Supplied information

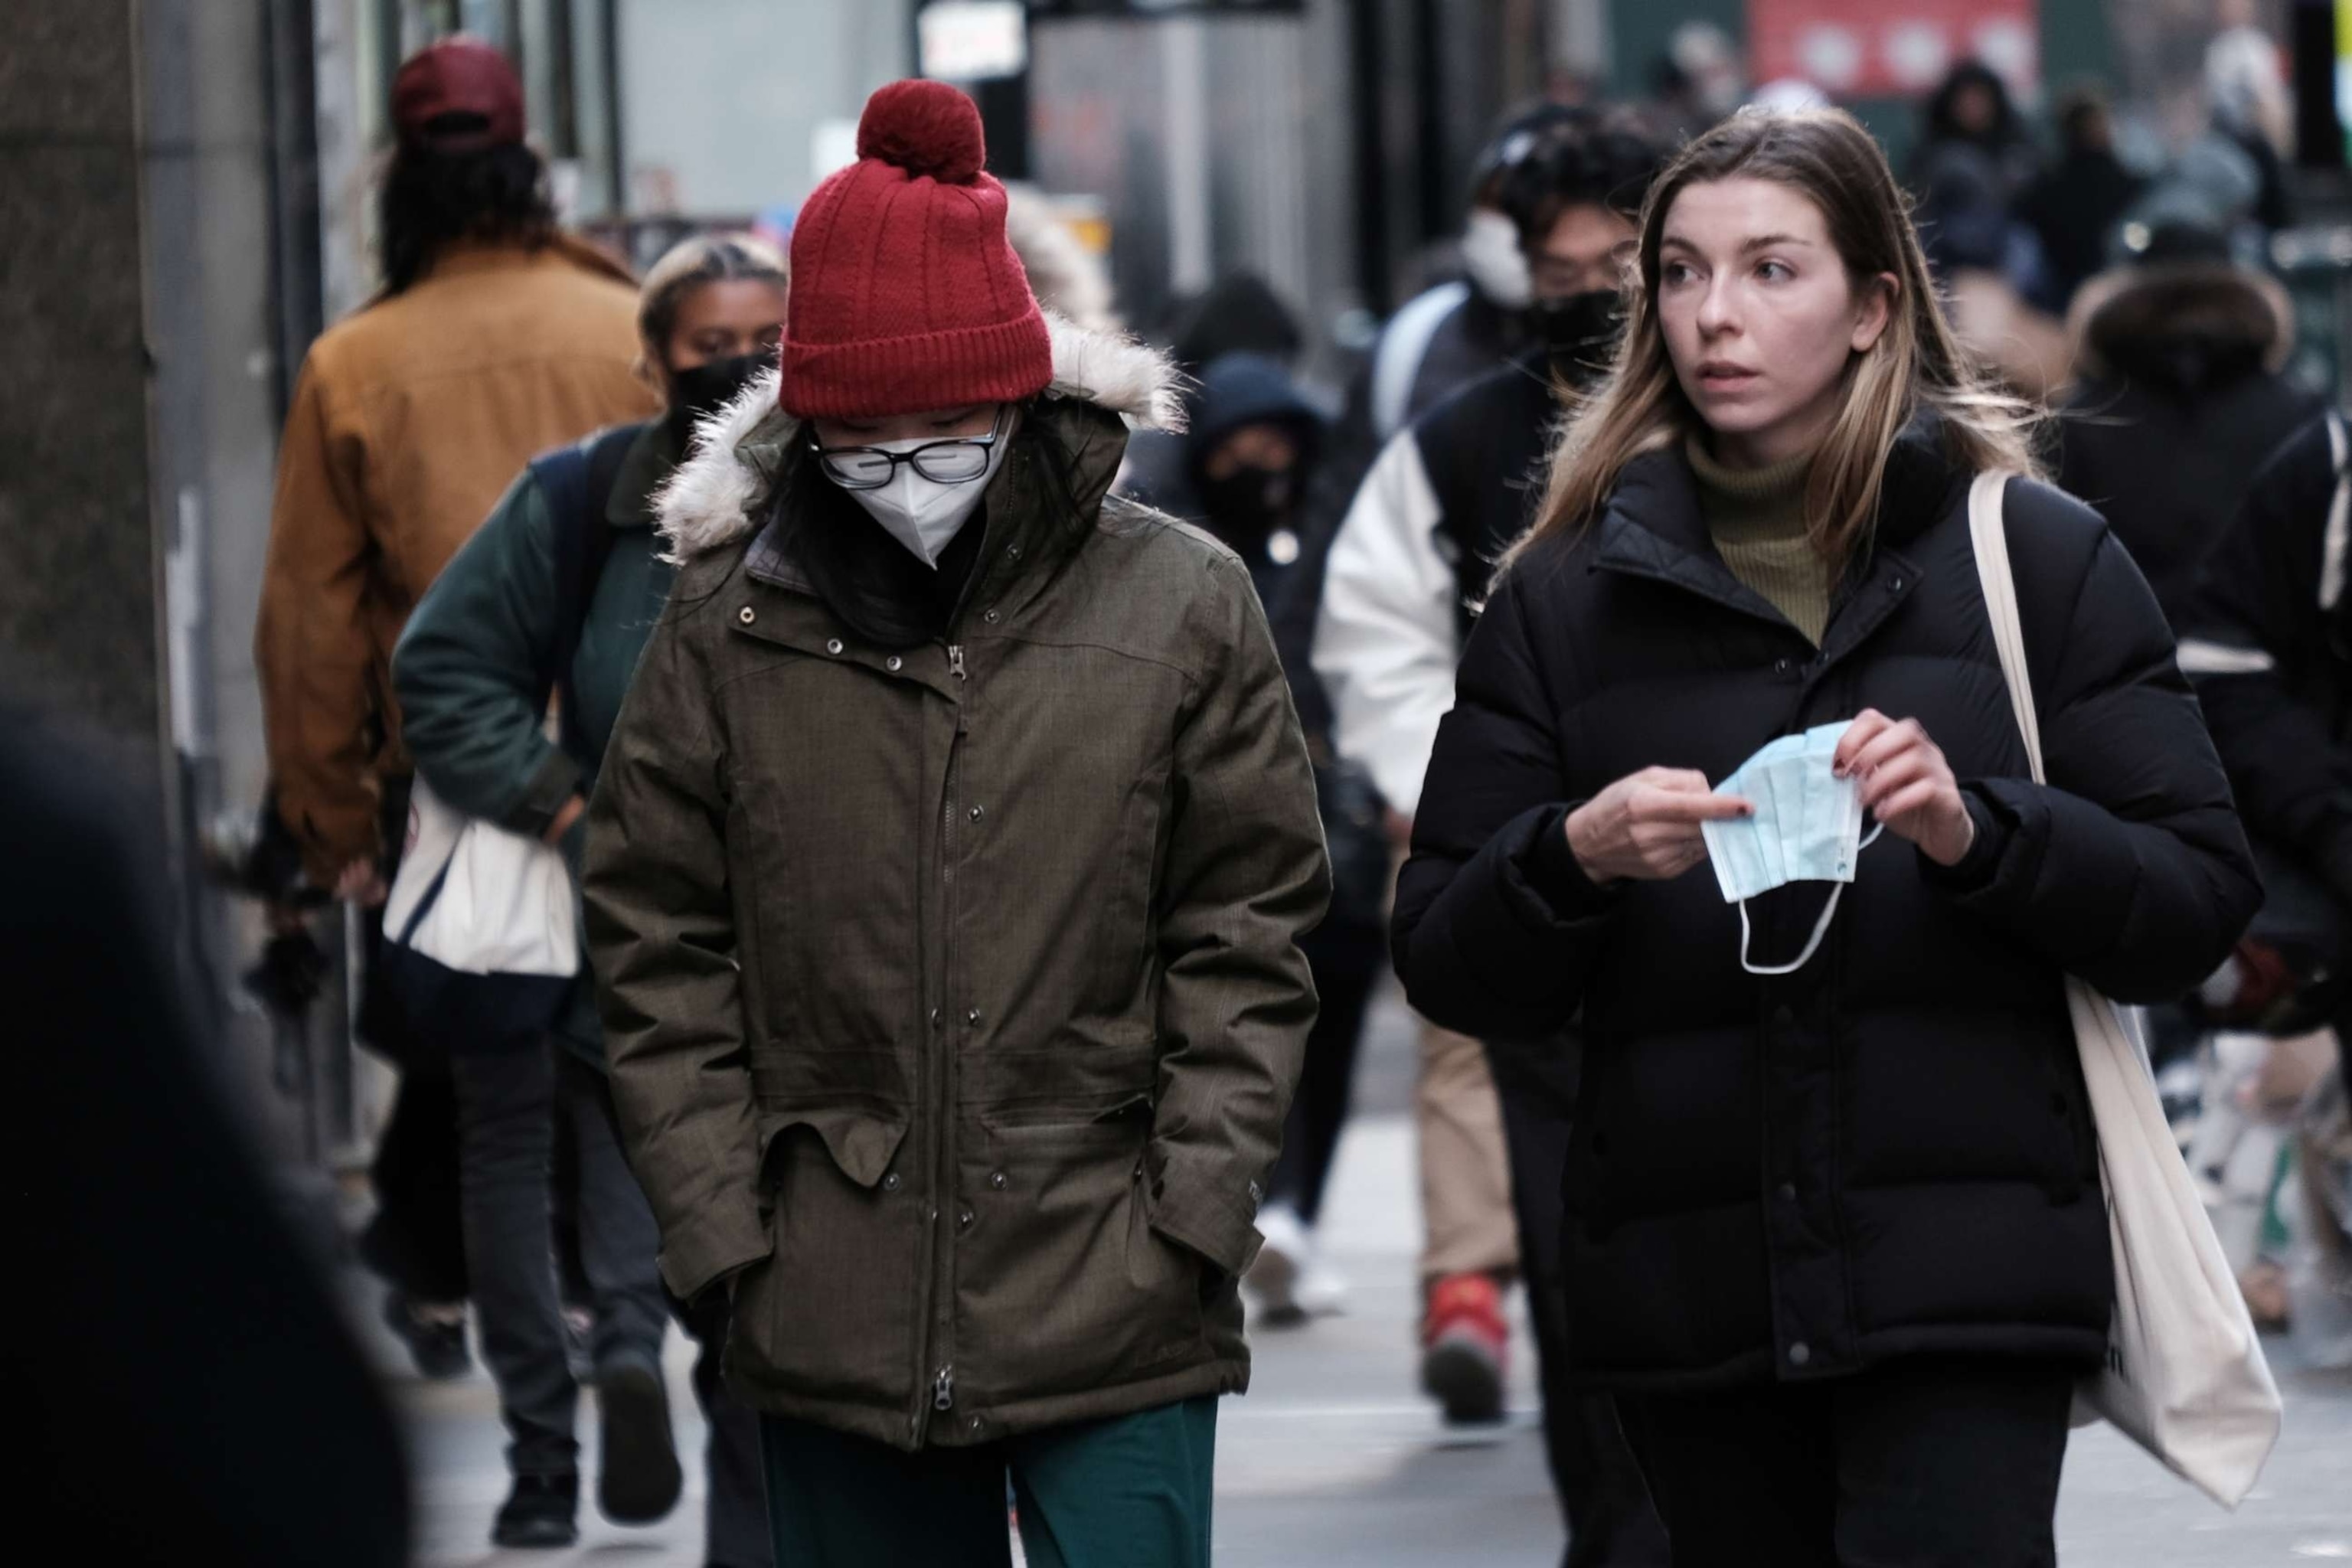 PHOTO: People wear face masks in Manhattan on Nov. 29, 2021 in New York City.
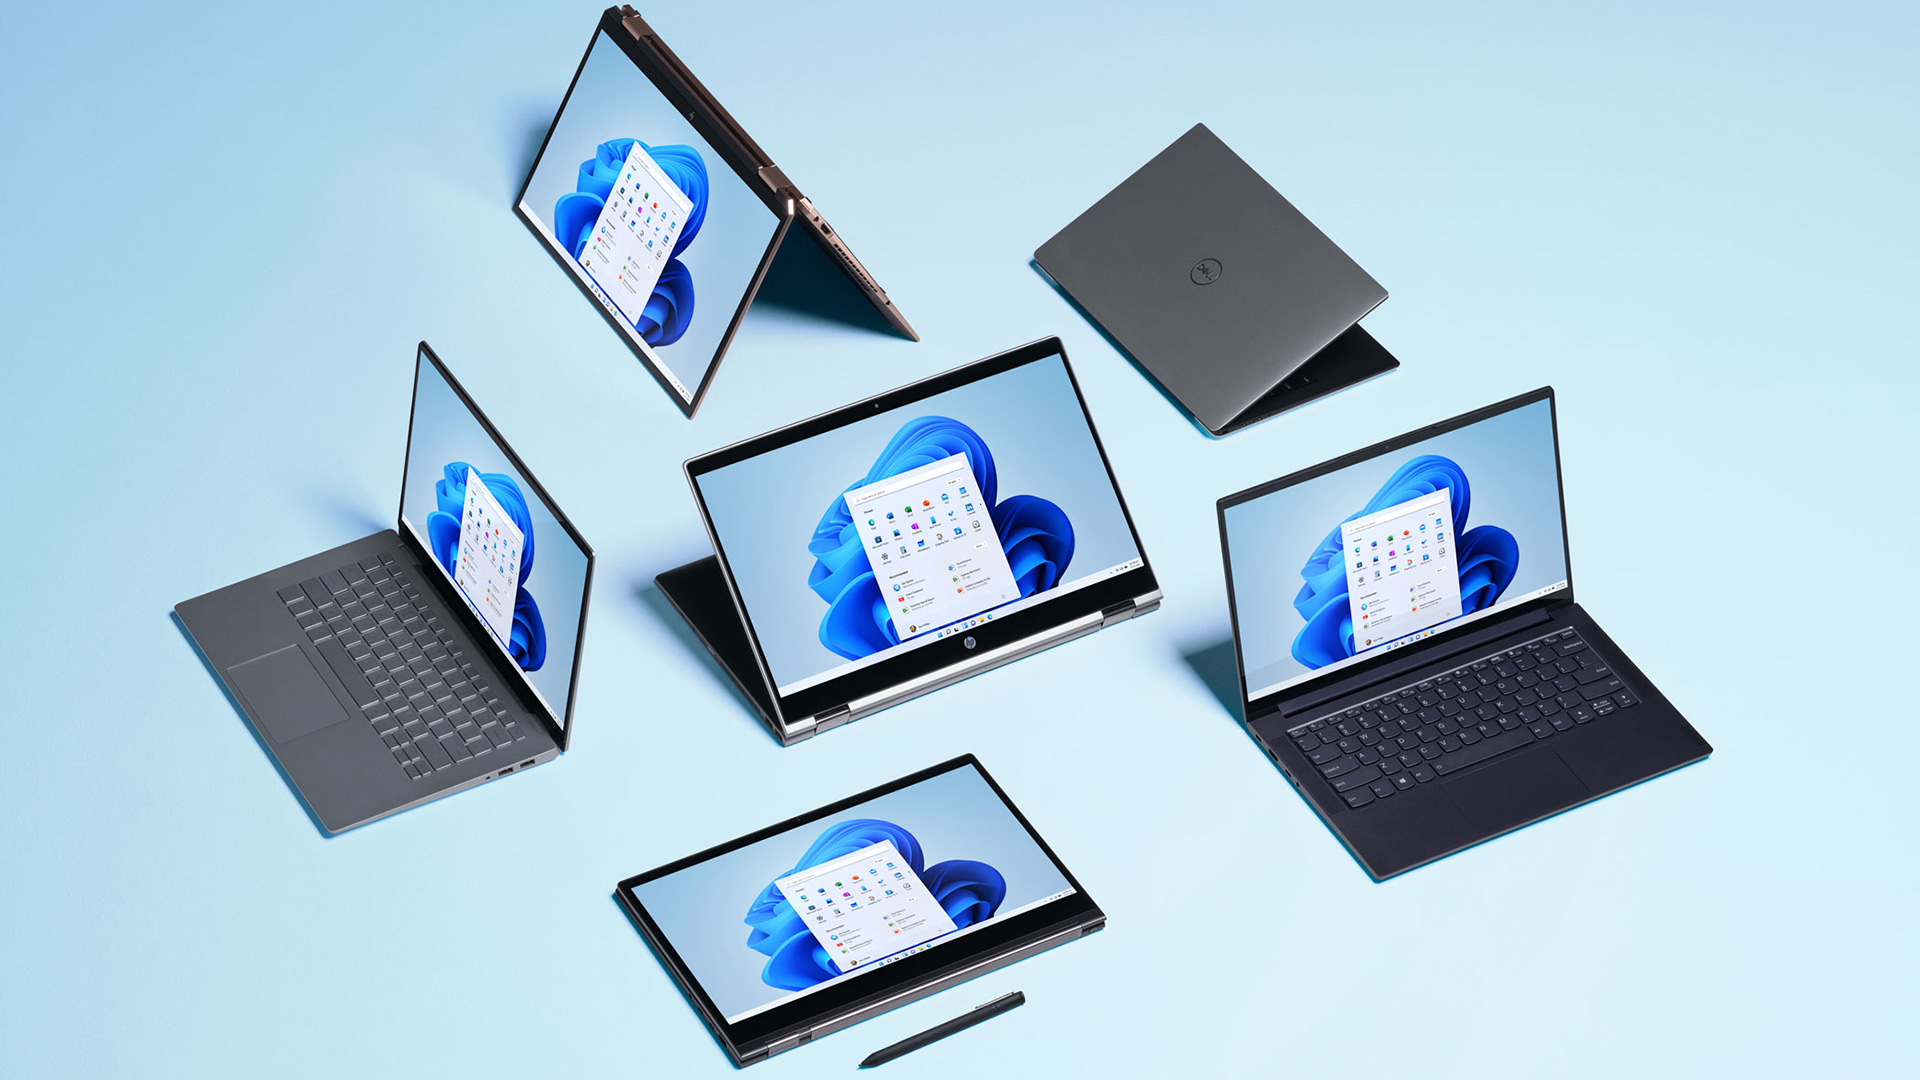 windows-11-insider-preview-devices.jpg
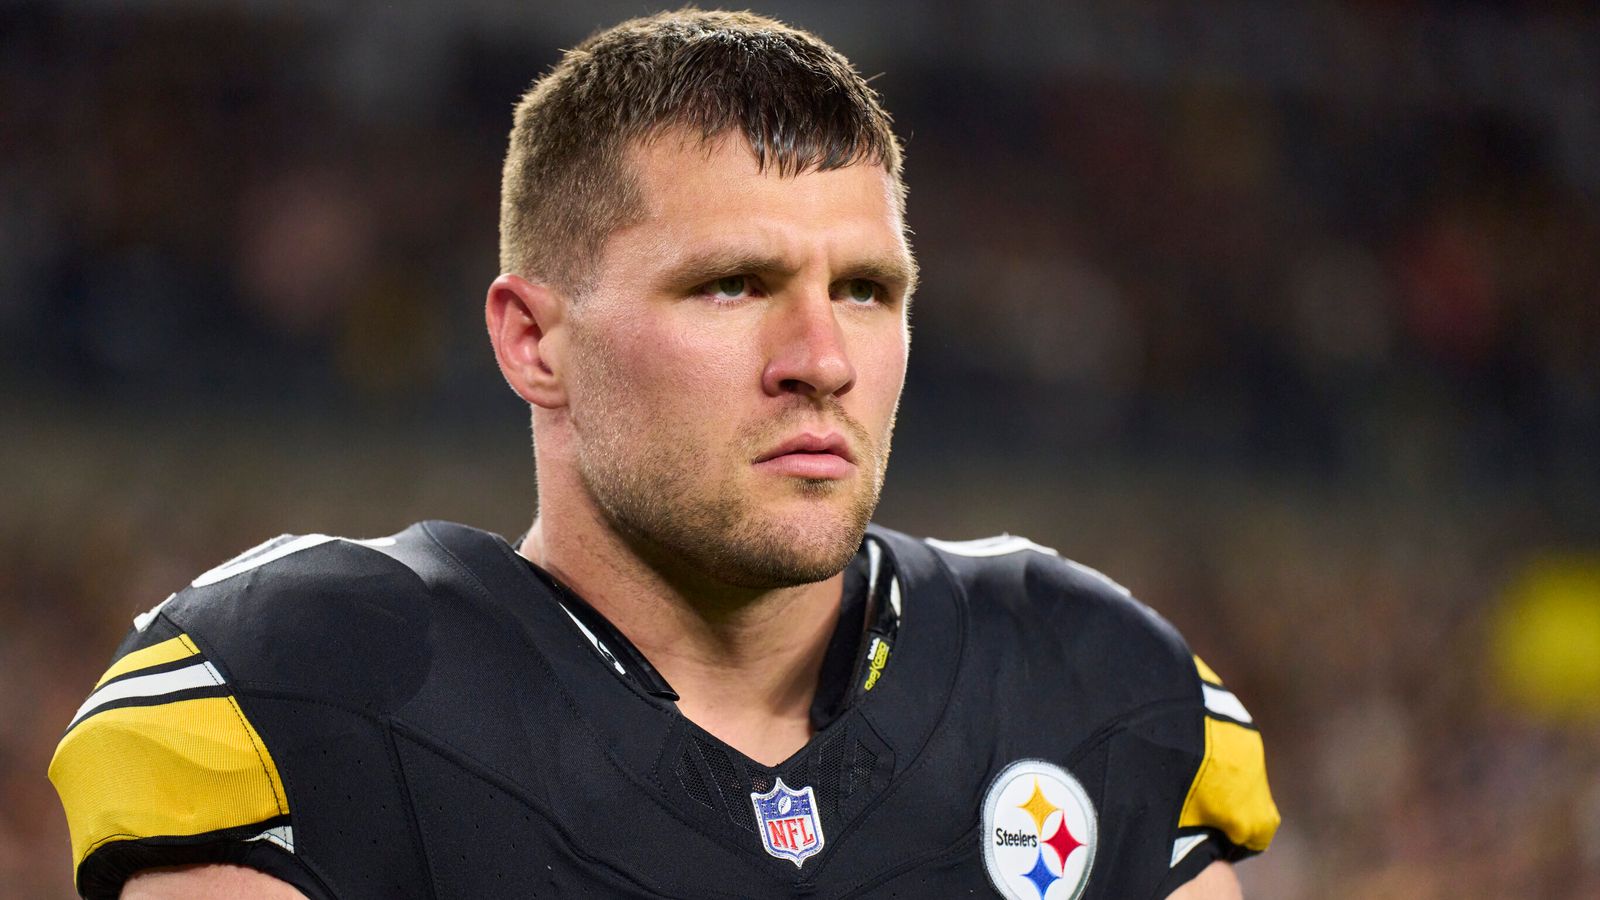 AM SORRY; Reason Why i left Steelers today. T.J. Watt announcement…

What you should do
I'd like the material duplicated exactly, without its pictures.

Solution below
 PHOTO: People wear face masks in Manhattan on Nov. 29, 2021 in New York City.
 windows-11-insider-preview-devices.jpg
 AM SORRY; Reason Why i left Steelers today. T.J. Watt announcement…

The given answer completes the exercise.